◆ **Provided data**
┏━━
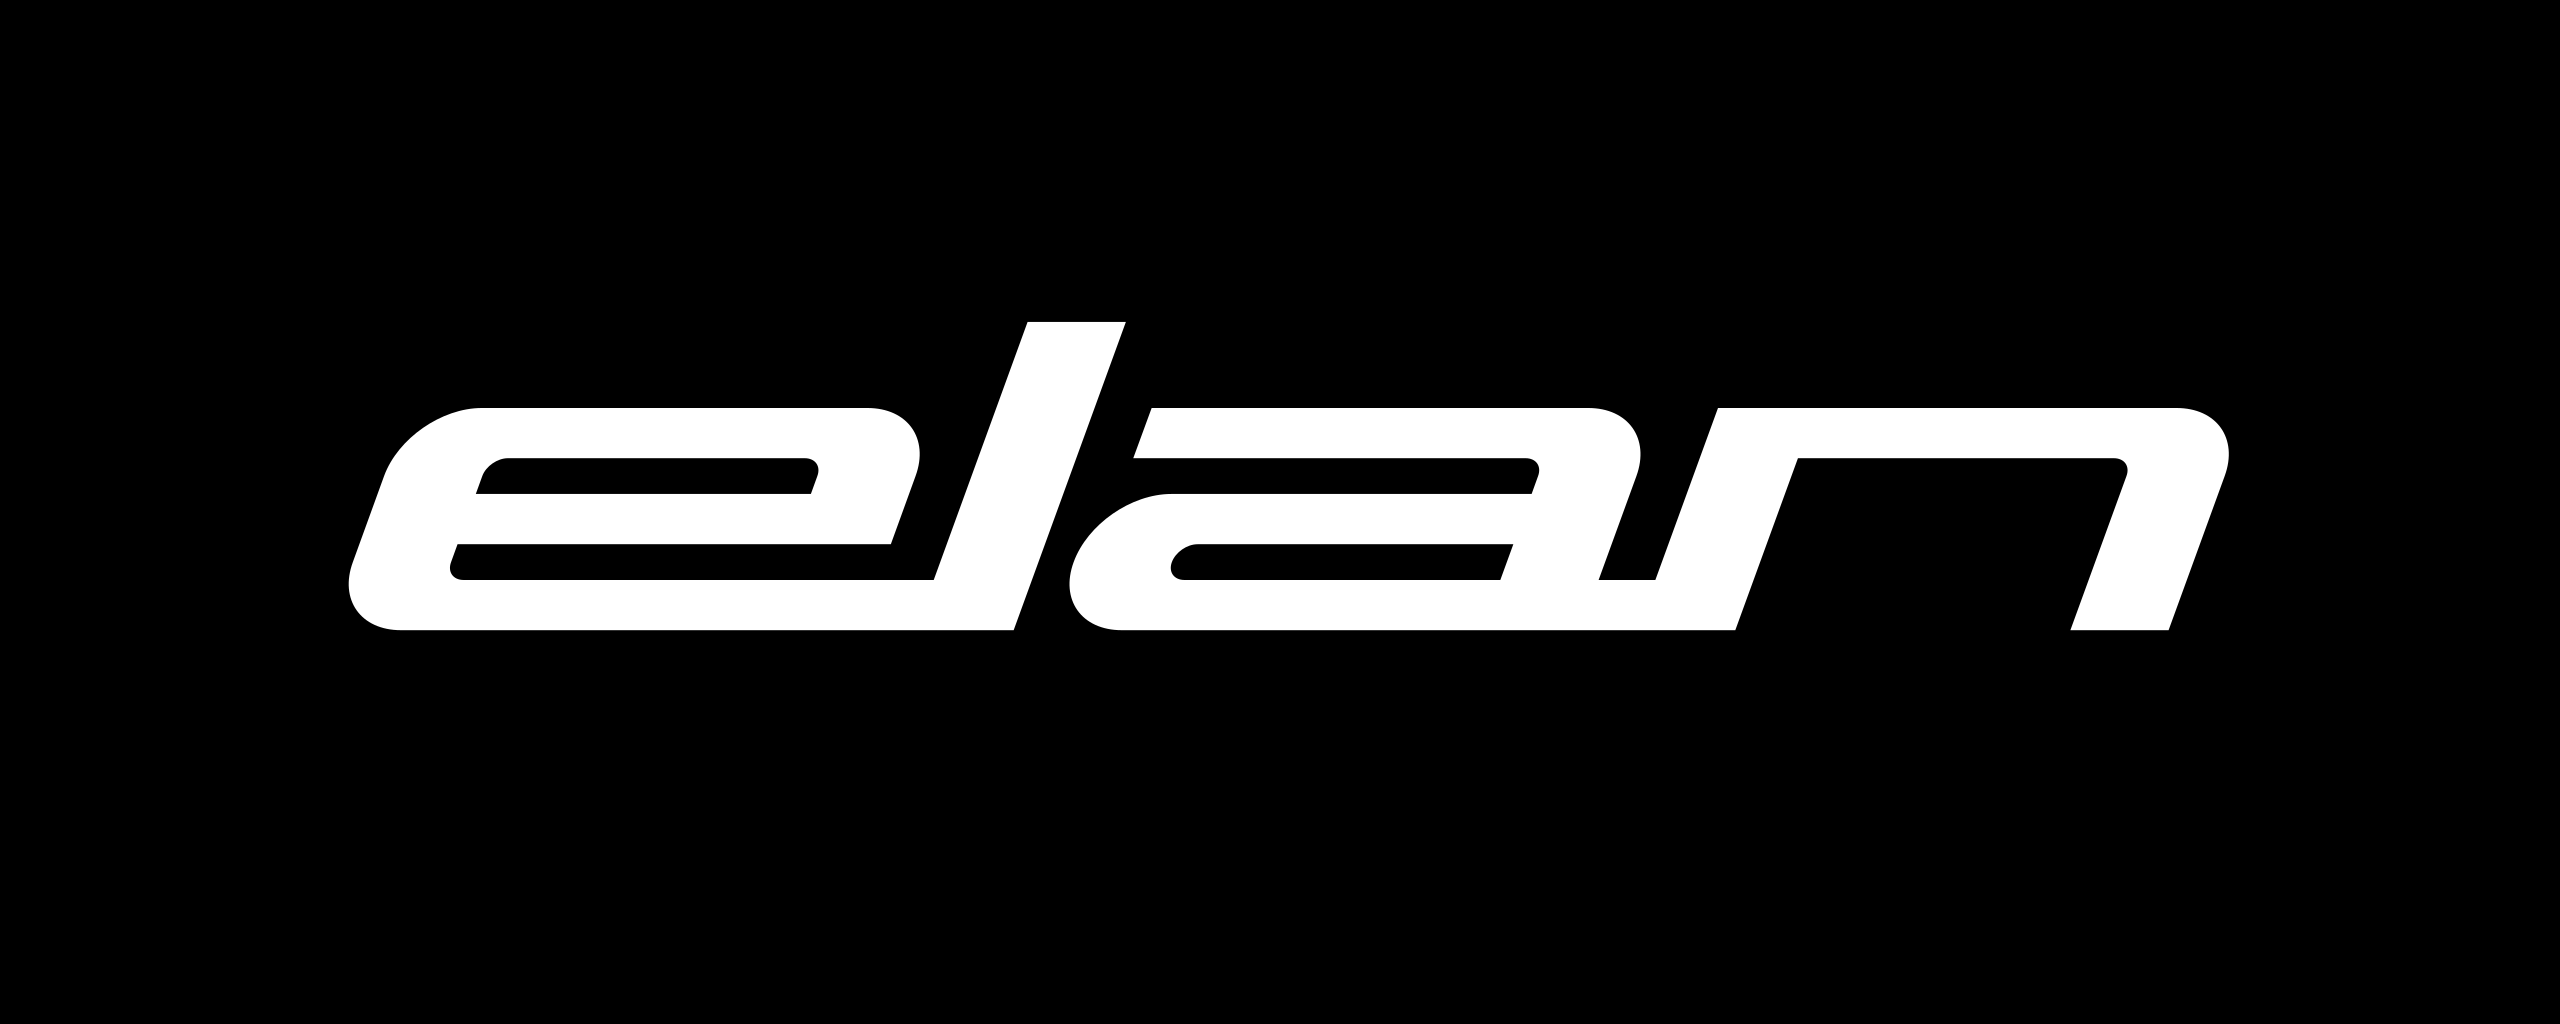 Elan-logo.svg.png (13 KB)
┗━━
┏━━
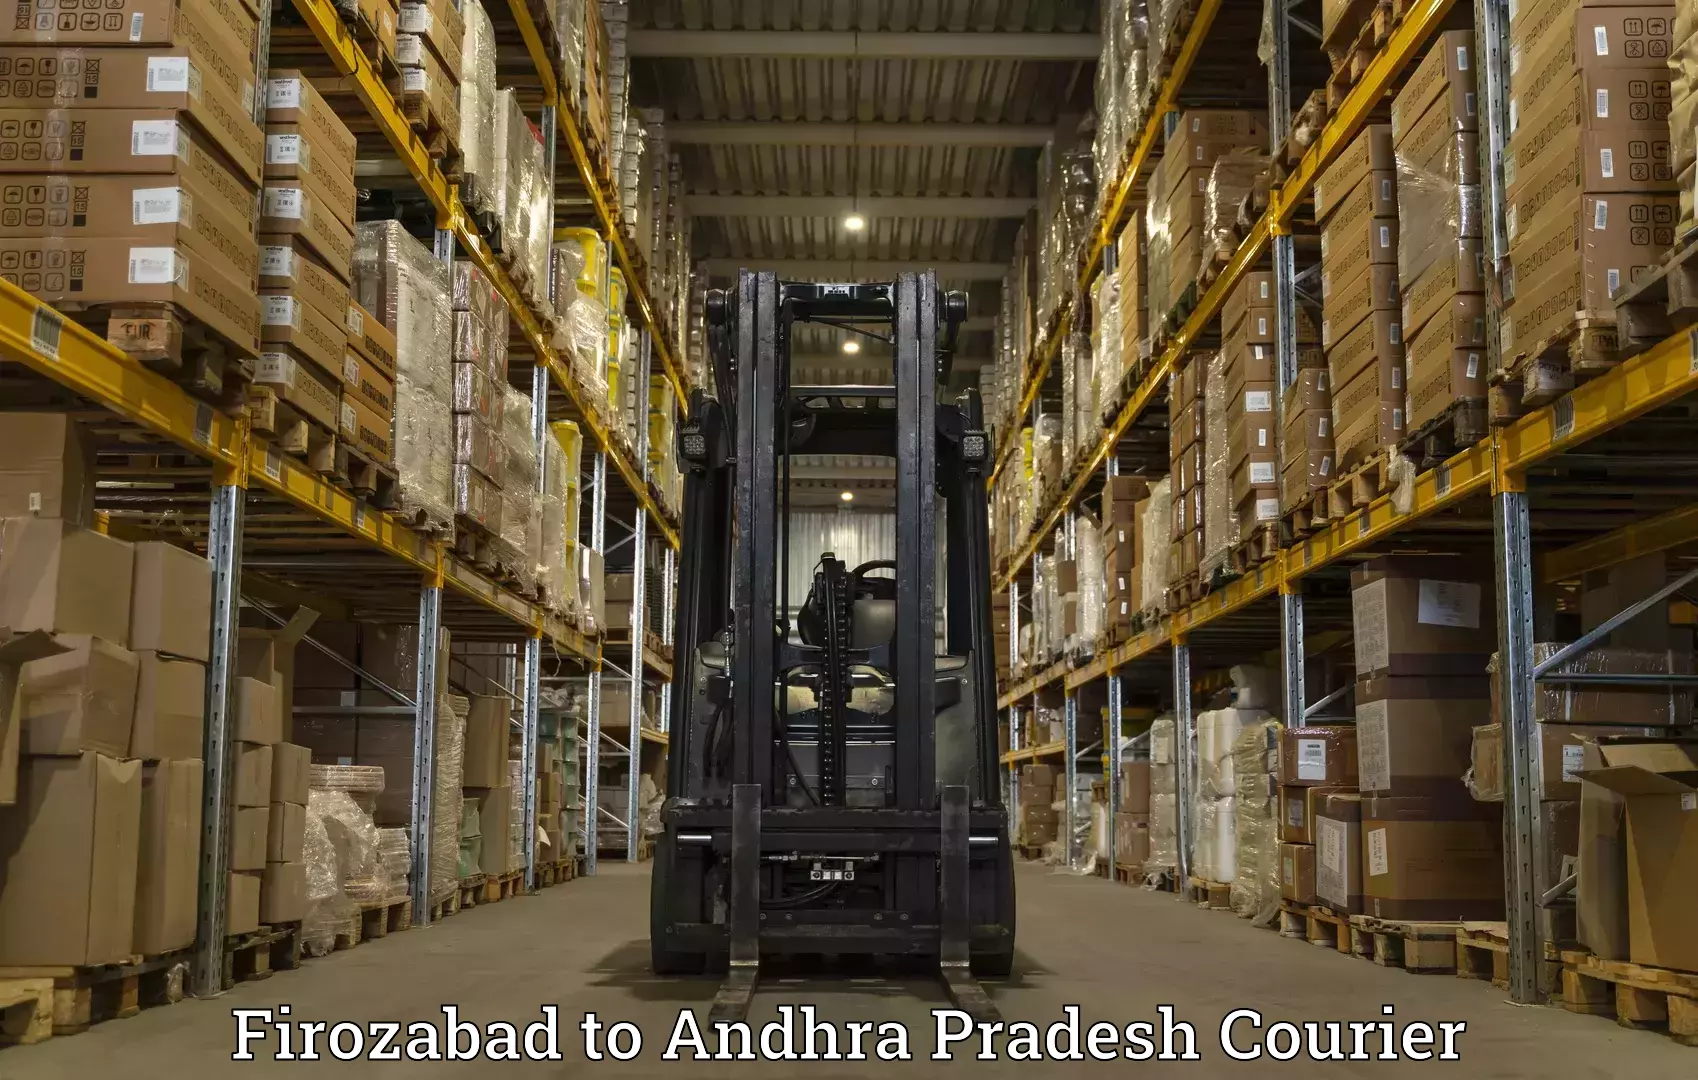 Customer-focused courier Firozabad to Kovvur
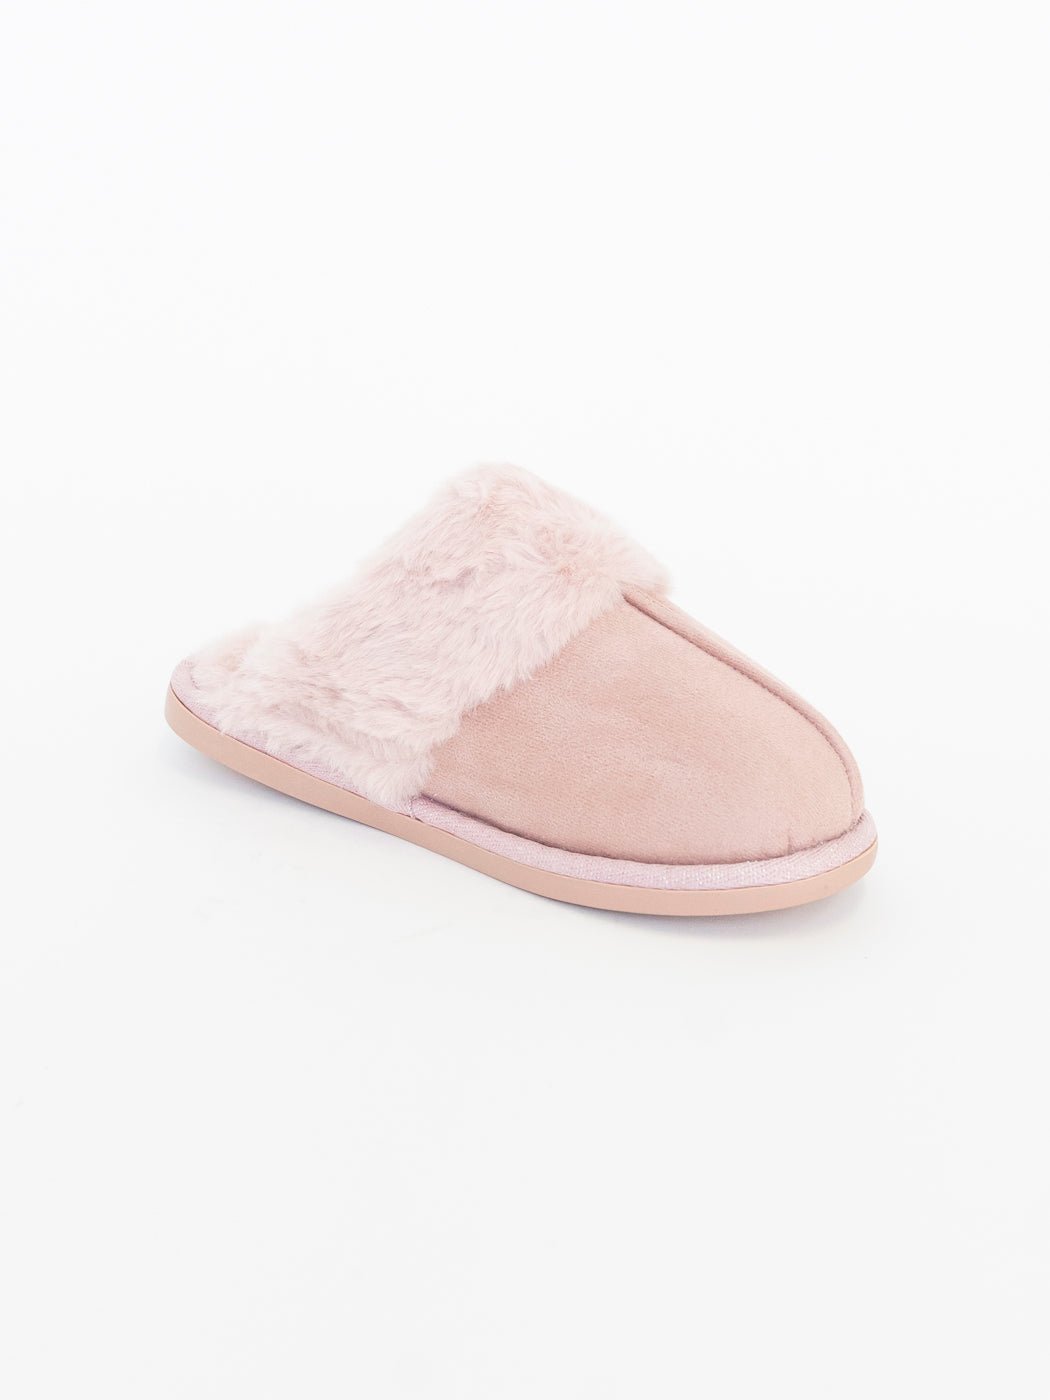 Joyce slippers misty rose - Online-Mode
┗━━
┏━━
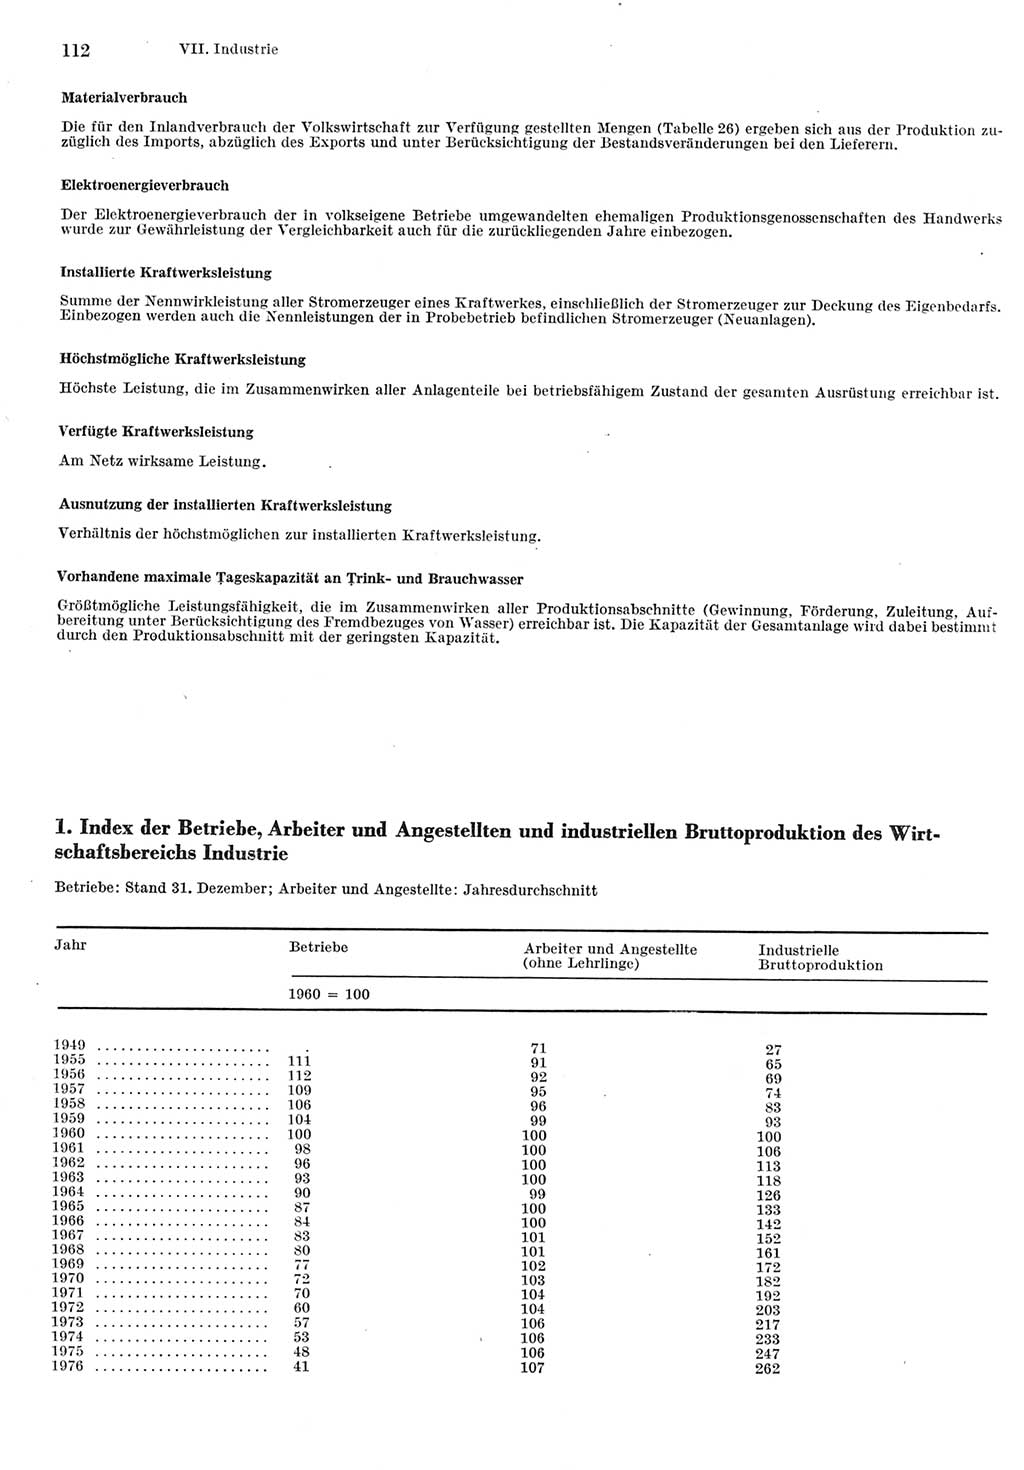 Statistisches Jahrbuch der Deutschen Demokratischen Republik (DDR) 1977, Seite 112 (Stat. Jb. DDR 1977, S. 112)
┗━━
◆ **Task to carry out**
Using the data above, transcribe exactly the lines between those containing "Customer-focused courier Firozabad to Kovvur" and "Joyce slippers misty rose - Online-Mode", inclusive, and leave every picture behind.

◆ **Problem solution**
 Customer-focused courier Firozabad to Kovvur
 Joyce slippers misty rose - Online-Mode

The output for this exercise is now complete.